2. Filter out illiquid tokens.
3. Log-transformation for heavy-tailed features
4. Token-based standard scaling
5. Zero padding for length standardisation.
Cycles embedding:
1. After preprocessing an autencoder is built.
2. Multiple architectures are tested (linear, multilayer densly connected, convolutional layer).
3. Their performance is compared to a classical PCA approach.
4. In part 4. Profitablity prediction, the performance of the different embeddings techniques is evaluated on the accuracy of the task.
Cycles clustering:
1. Use the embedding, a KMeans clustering is constructed.
2. Clusters in the training set are analysed
3. Based on the test set results, we can understand whether or not there is predictibility in the results obtained in point 2.
Cycle profitablity prediction:
1. Study profitability prediction for arbitrage cycles.
2. Multiples models are tested (logistic regression, SVM).
3. The impact of adding token encoding to the models is tested.
4. The performance of the different embeddings is evaluated.

Notes to the reader

Each folder contains a decidaced README where extra instruction and details are given.
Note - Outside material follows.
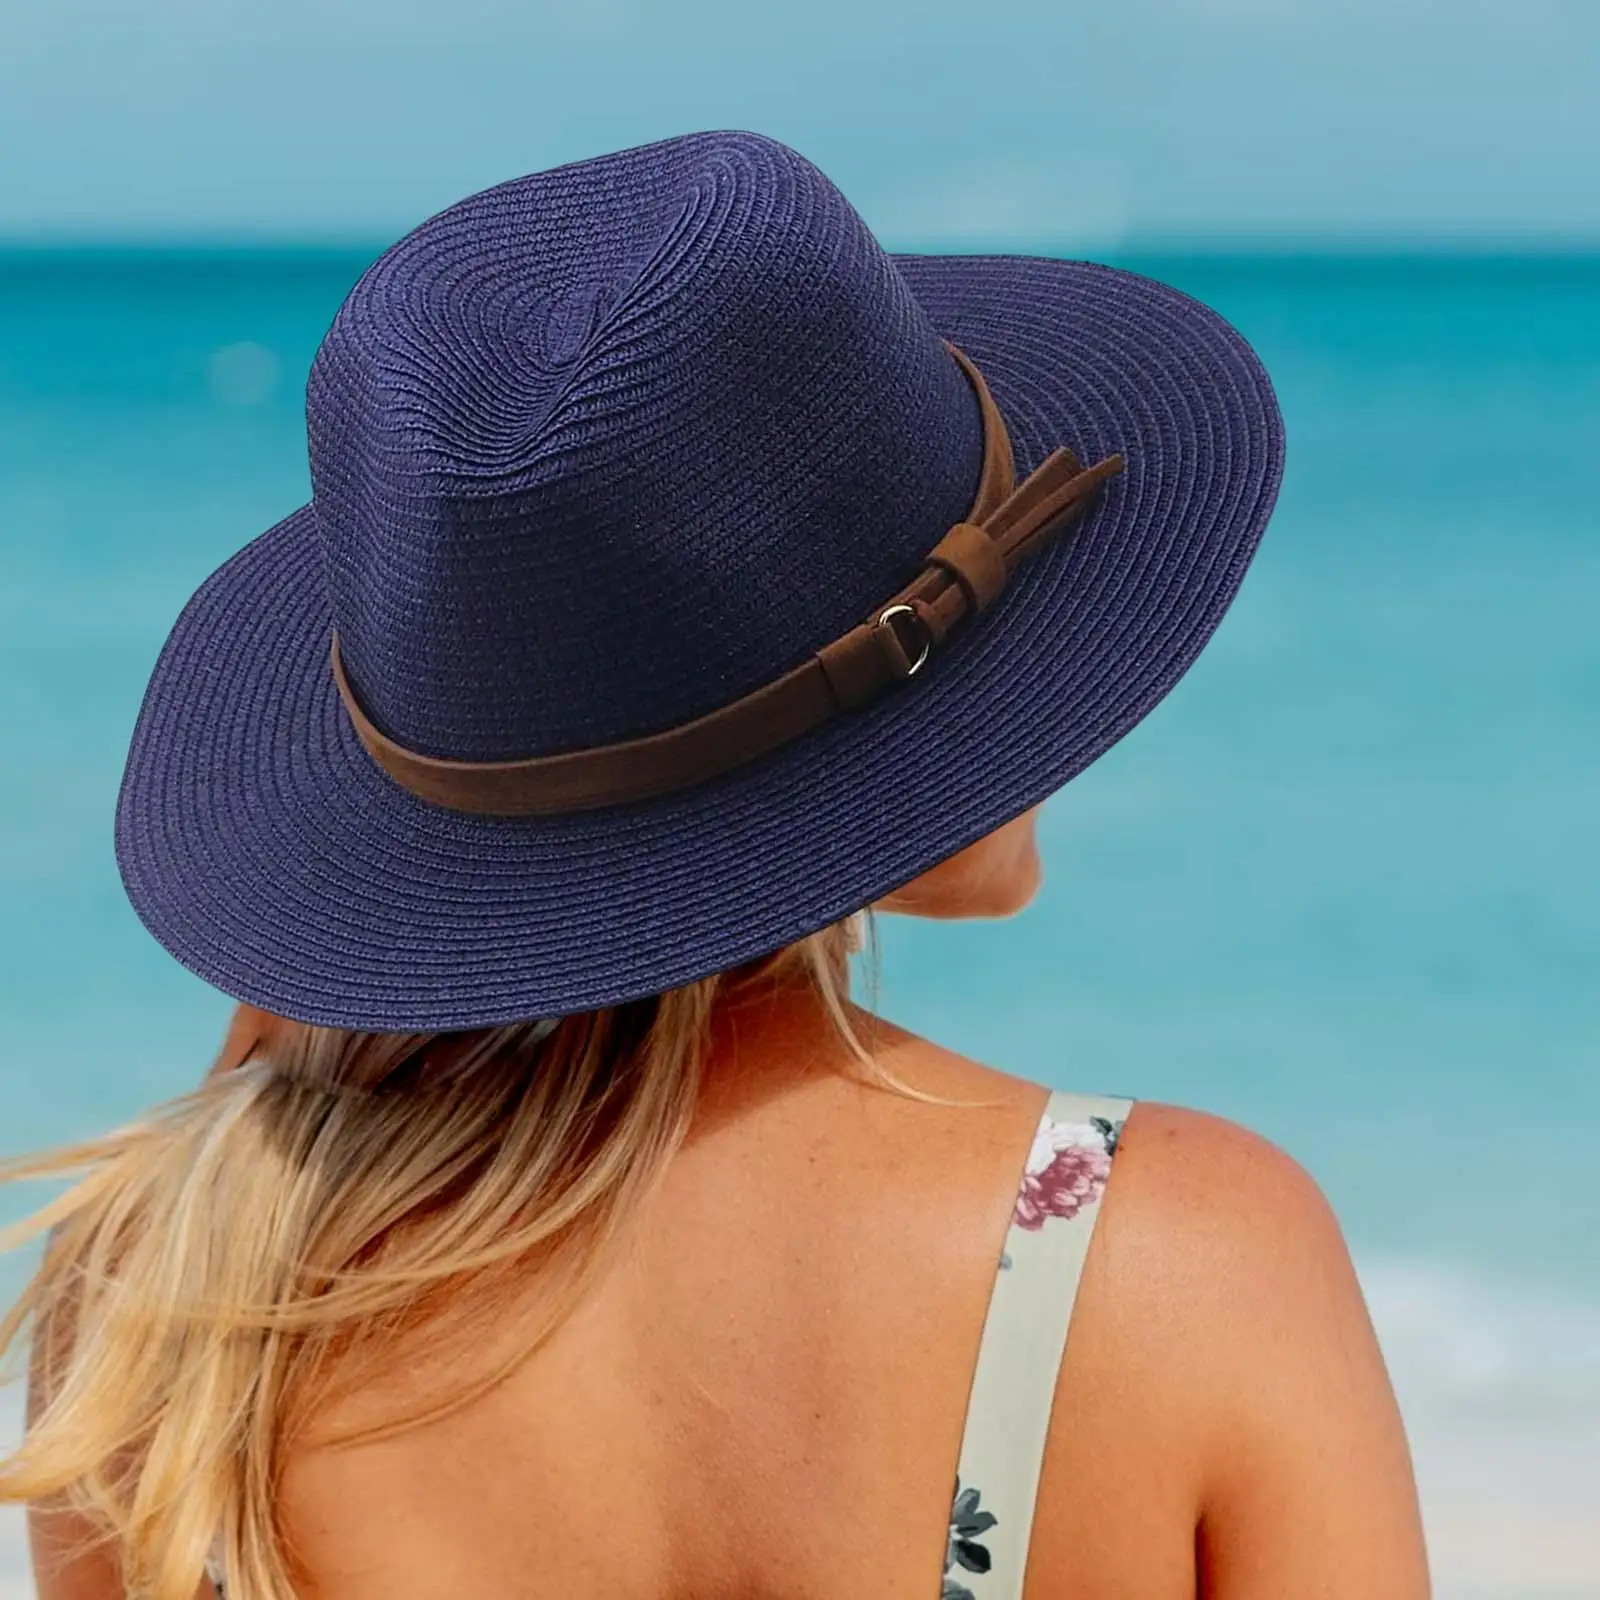 Unisex Wide Brim Sun Hat Panama Sunhats Sun Visor Fashionable Beach Bohemia Straw Hats for Outdoor Travel Camping Holiday Hiking
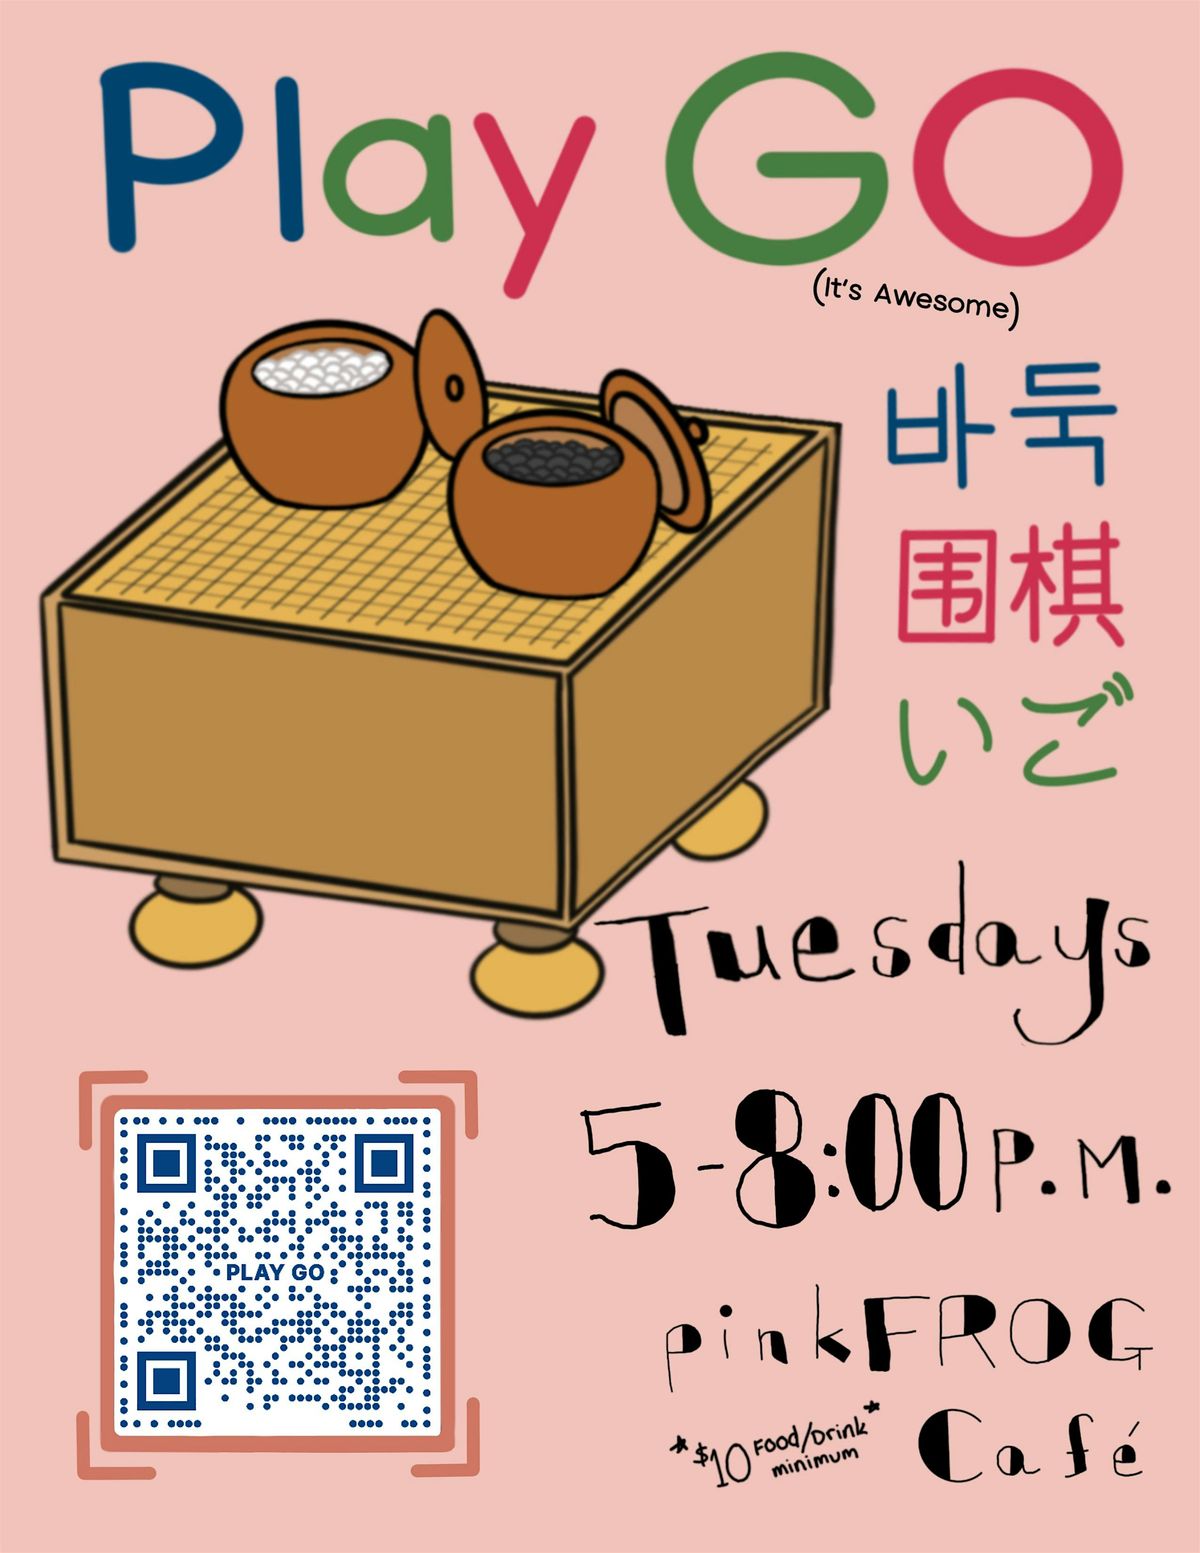 pinkFROG cafe Play Go Tuesday Meetup

Organisation of the repository

.
├── data                                      # Data folder
│ ├── uniswap_raw_data                        # data fetched from bitquery
│ │  ├── uniswap_raw_data_0_1000.json.gz      # example of file
│ │  ├── ...
│ ├── liquid                                  # directory containing datasets corresponding to liquid cycles
│ │ ├── uniswap_data_liquid.csv               # csv version of the dataset fetched from biquery (filter out illiquid cycles)
│ │ ├── additional_features_train_liquid.csv  # file used by the clustering and prediction task with extra features (train)
│ │ ├── additional_features_test_liquid.csv   # file used by the clustering and prediction task with extra features (test)
│ │ ├── ML_features                           # directory for ML features
│ │ │ ├── ...
│ │ ├── pca                                   # directory containing the encoded features from the PCA model
│ │ │ ├── ...
│ │ ├── rule_based                            # directory containing the encoded features from the Rule-Based model
│ │ │ ├── ...
│ ├── full                                    # similar architecture as for the liquid folder but for the full dataset
│ │ ├── ...
│ ├── cycles_in_Uniswap.json                  # dataset from the paper
│ ├── filtered_cycles.json                    # only cycles of length 3 
├── data_acquisition                    # Scripts to fetch the datasets (from bitquery and from the paper)
├── data_exploration                    # Contains visualisations of the datasets
├── data_processing                     # All scripts to process the raw data into usables features for ML
├── models                              # all ML related tasks
│ ├── clustering                        # files related to the clustering task
│ ├── embedding                         # files related to the embedding task
│ ├── prediction                        # files related to the profitablity prediction task
├── figures                             # Contains the ouput images and html used for the data story
├── requirements.txt                    # Dependencies file
└── README.md

How to run the code

Follow the steps in Data Acquisition to download the raw datasets
Follow the steps in Data Processing to generate the preprocessed data
Data exploration: run the data_exploration/data_exploration.ipynb notebook to see the data exploration steps taken.
Embeddings: open the models/embedding folder:
1. Autoencoder: follow the steps in Train Autoencoders to understand how to train and use the available autoencoders
2. PCA: run the pca_embedding.ipynb notebook to create the PCA embedding.
3. Rule-based: follow the steps in Build Rule-based features to generate preprocessed data usefull for performance comparision.
Clustering: run the models/clustering/Kmeans.ipynb notebook to see the code related to the clustering.
Profitablity prediction: run the models/prediction/prediction.ipynb notebook for the profitablity prediction task.

Dependencies requirement

In the repository, we provide a requirement.txt file from which you can create a virtual python environment.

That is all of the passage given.